The activists hung on Jones' words, captivated by the potential that he described within each of them. He finished with an exhortation worthy of a revival: "Our species is struggling to live through you, through that dream, through that journal entry that keeps recurring," he said, his voice quivering with passion. "I beg you, I beg you, embrace that rule-breaking, life-affirming, risk-taking you that the world needs so desperately right now."
He bowed his head, and was greeted with whistles, hoots, and applause. Half the audience leapt to its feet. If it hadn't been a crowd of sedate white liberals, someone might have shouted "Hallelujah." A woman turned to her companion and asked, "Where did this guy come from again?"

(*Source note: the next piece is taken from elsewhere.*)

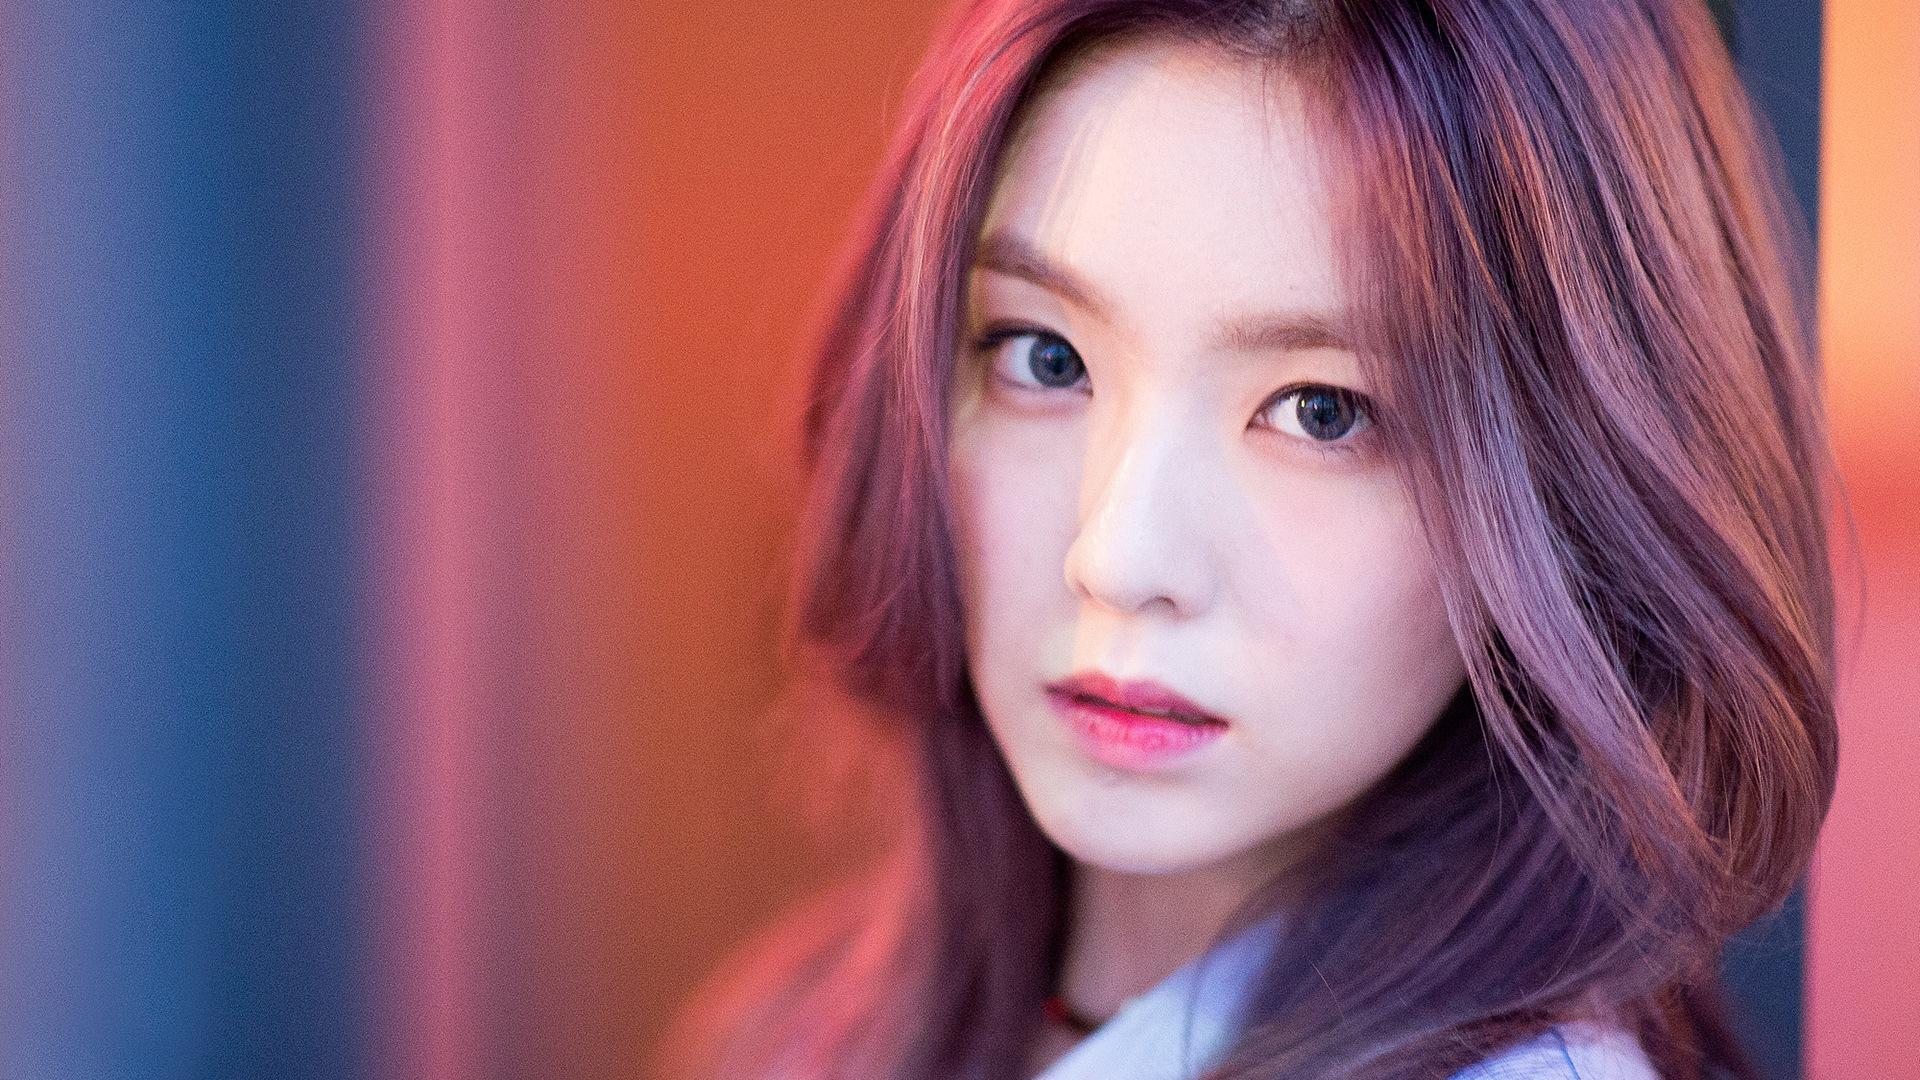 10 Member Grup Idol Kpop Yang Paling Sering Dicari di Google Tahun 2019 9

Jones came from rural Tennessee, by way of Yale Law School. The self-described former "rowdy black nationalist" is best known as founder of the Ella Baker Center, an Oakland-based nonprofit group with roots firmly grounded in criminal-justice issues that affect low-income people of color. In 1995, he started Bay Area PoliceWatch, a program that assists victims of alleged police brutality. He made his mark as an activist by brashly saying things no other civil-rights leaders would say, such as "Willie Brown's Police Commission is killing black people." The center's second program, Books Not Bars, runs a campaign to radically transform California's youth prisons into rehabilitation centers. As the group gained visibility and a reputation for in-your-face tactics, its annual budget snowballed to $1.4 million, and its staff increased to 22.
But Jones' personal life has been punctuated with a series of epiphanies, each of which has expanded the focus of his work. In college, he embraced the fight for racial justice. Then he moved to the Bay Area and embraced the struggle for class justice. When he gained interest in environmentalism, he started searching for a way to pull together all three quests in the service of a better future. Now that he believes he has found that unified field theory -- one suffused with his rediscovered spirituality -- he's out to sell it to the progressive world.
"There is a green wave coming, with renewable energy, organic agriculture, cleaner production," he said in an interview. "Our question is, will the green wave lift all boats? That's the moral challenge to the people who are the architects of this new, ecologically sound economy. Will we have eco-equity, or will we have eco-apartheid? Right now we have eco-apartheid. Look at Marin; they've got solar this, and bio this, and organic the other, and fifteen minutes away by car, you're in Oakland with cancer clusters, asthma, and pollution."